ARITH(EXTEND) causes performance degradation for all decimal data types because of larger intermediate results. The performance impact on an average is 16%, while for programs with heavy use of decimals, it could be as high as 40%.
AWO option implicitly activates the APPLY WRITE-ONLY clause for all physical sequential, variable-length, blocked files (irrespective of whether it is specified in the program). NOAWO is the default option. Using the APPLY WRITE-ONLY clause makes optimum use of buffer and device space. With APPLY WRITE-ONLY specified, the file buffer is written to the output device only when the next record does not fit in the unused portion of the buffer. Without APPLY WRITE-ONLY specified, a file buffer is written to the output device when it does not have enough space for a maximum-size record.
According to IBM, a program using variable-length blocked files and AWO was 86% faster than NOAWO (as the result of using 98% fewer EXCPs to process the writes).
BLOCK0 option changes the default for QSAM files from unblocked to blocked thus gaining the benefit of system-determined blocking for output files. NOBLOCK0 is the default. BLOCK0 is applicable for each file that meets all of the following criteria:
- The FILE-CONTROL paragraph specifies ORGANIZATION clause as SEQUENTIAL or omits it.
- The FD entry does not specify RECORDING MODE U.
- The FD entry does not specify a BLOCK CONTAINS clause.
AWO might apply to more files than it otherwise would, if BLOCK0 is also specified (as AWO applies only for blocked variable-length records).

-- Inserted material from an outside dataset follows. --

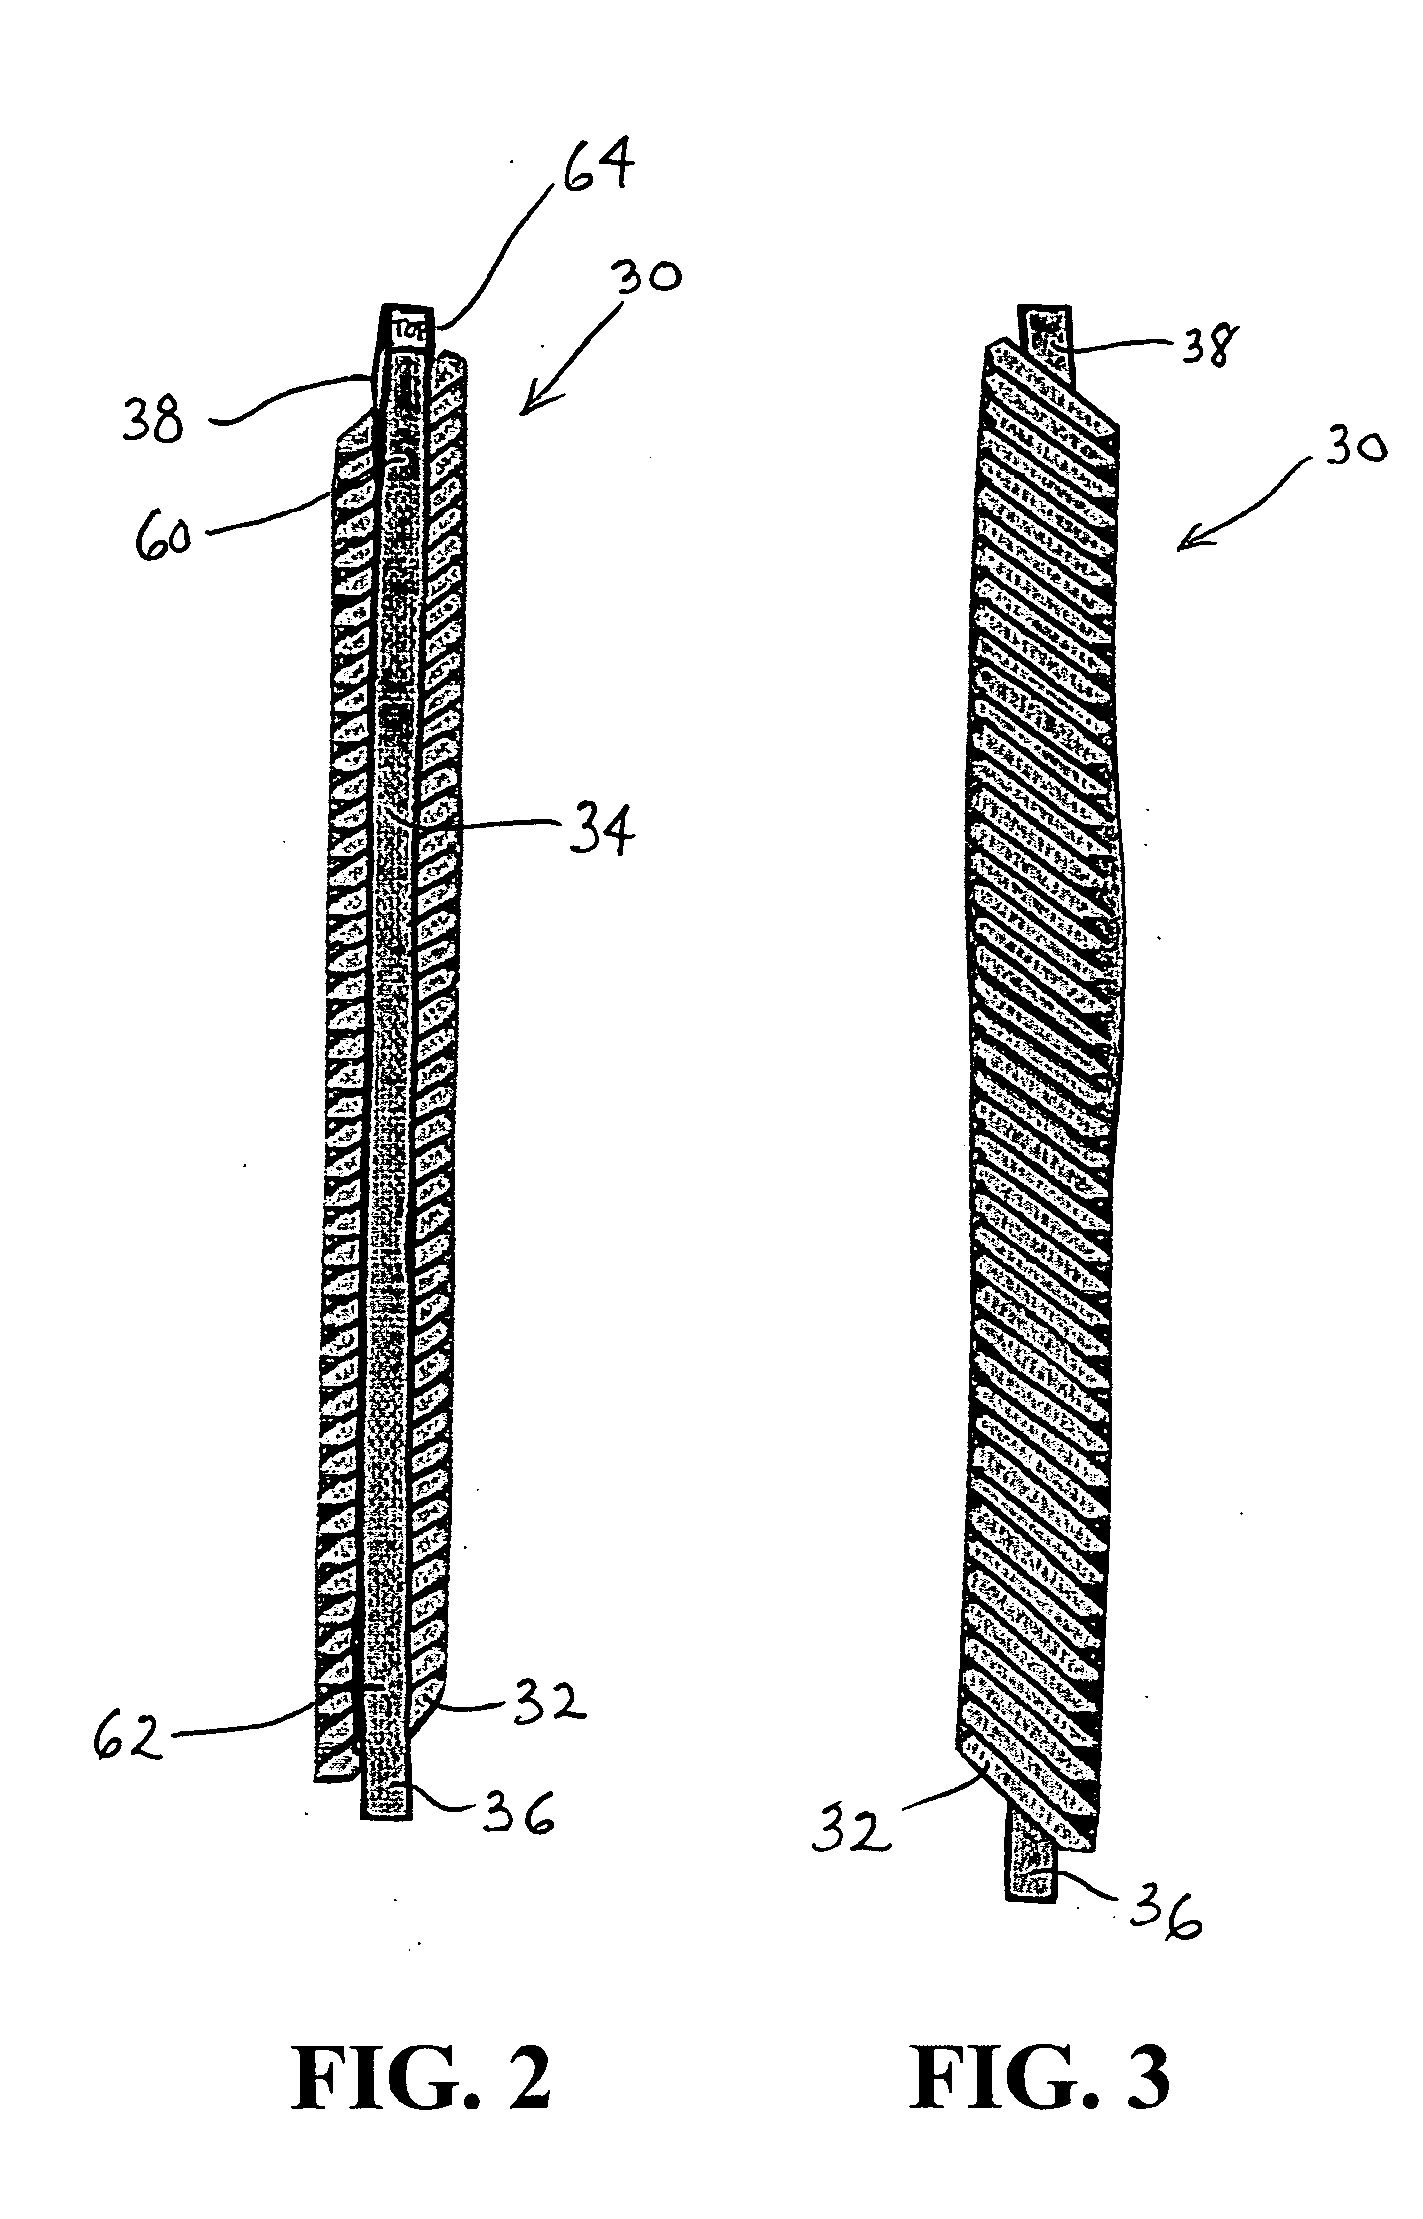 Unitary assembly of biological specimen support articles, and apparatus for dispensing individual biological specimen support articles therefrom
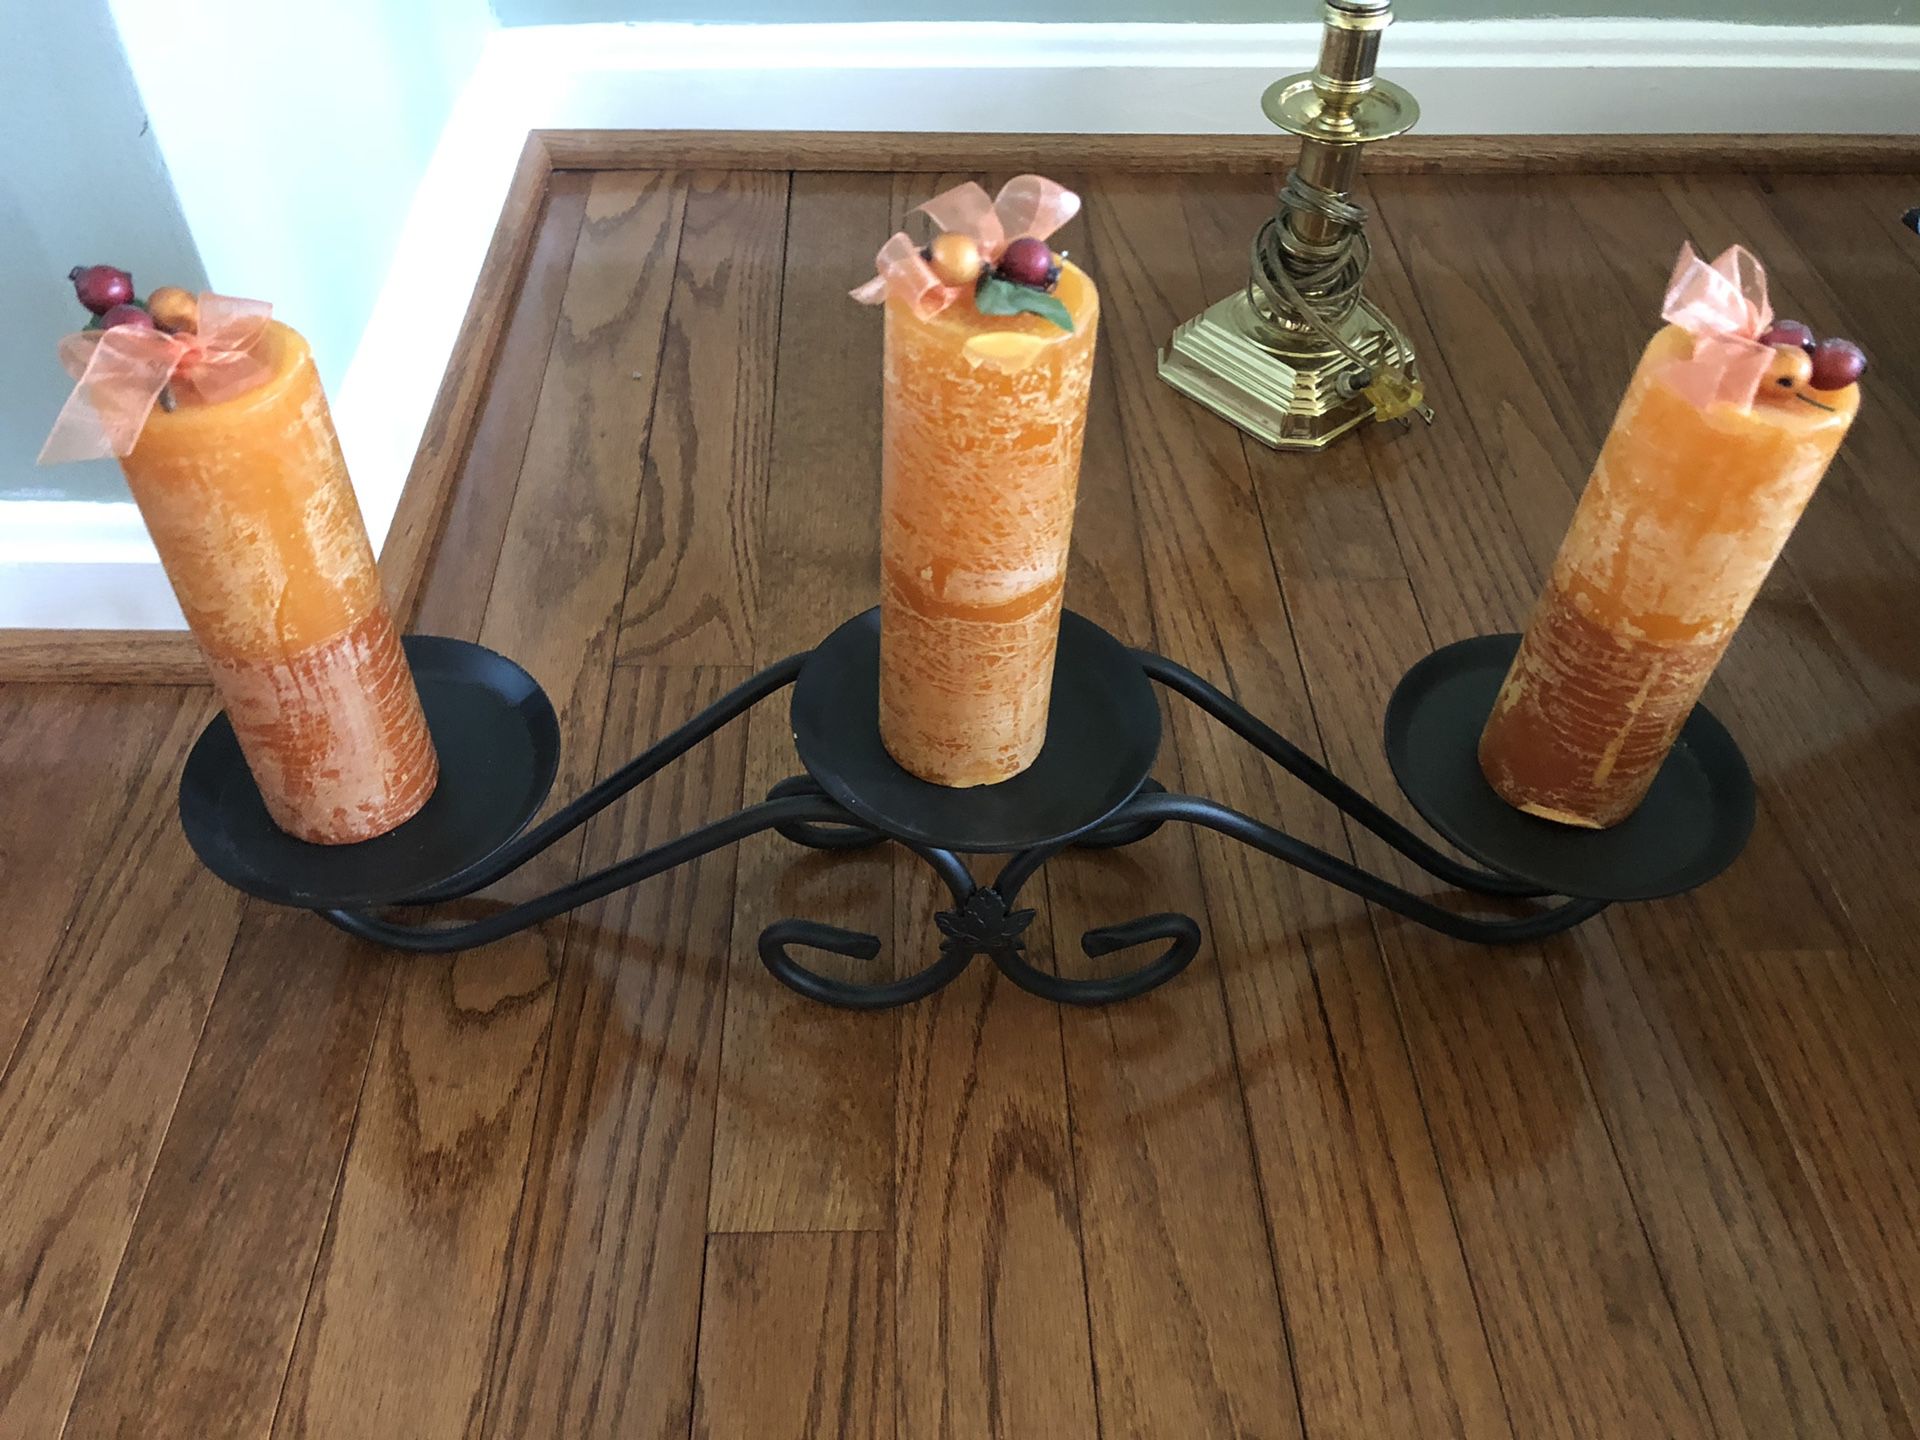 Candle display w/ three candles

One program using BLOCK0 was found to be 88% faster than using NOBLOCK0 (using 98% fewer EXCPs).
Note that specifying BLOCK0 for existing programs might change the behavior of the program – especially for files opened as INPUT without block size.
NUMPROC(PFD) improves the performance of processing numeric internal decimal and zoned decimal data. With NUMPROC(PFD), the compiler assumes that the data has the correct sign and bypasses the sign fix-up processing. But use this option only if your program data agrees exactly with the following IBM system standards.
Note that NUMPROC(NOPFD)is the default – and recommended if the numeric internal decimal and zoned decimal data might not use proper signs (especially if the program has to process external data files). Also note that NUMPROC(NOPFD) or NUMPROC(MIG) should be used if a COBOL program calls programs written in PL/I or FORTRAN.
NUMPROC(PFD) – that can provide performance benefit between 5-20% – is advisable for performance sensitive applications after ensuring that the necessary conditions are met.
TRUNC(OPT) is another performance tuning option for performance sensitive application and should be used only when the data in the application program conforms to the PICTURE and USAGE specifications.
While the above points are related to runtime efficiency, the following two options are worth noting in a development environment:
- Use BUFSIZE to allocate an amount of main storage to the buffer for each compiler work data set. Usually, a large buffer size improves the performance of the compiler.
- Use the COMPILE option only if you want to force full compilation even in the presence of serious errors. All diagnostics and object code will be generated. Do not try to run the object code if the compilation resulted in serious errors: the results could be unpredictable or an abnormal termination could occur.
With judicial use of the compiler options – suited for the given environment – performance benefits can be achieved without modifying the programs.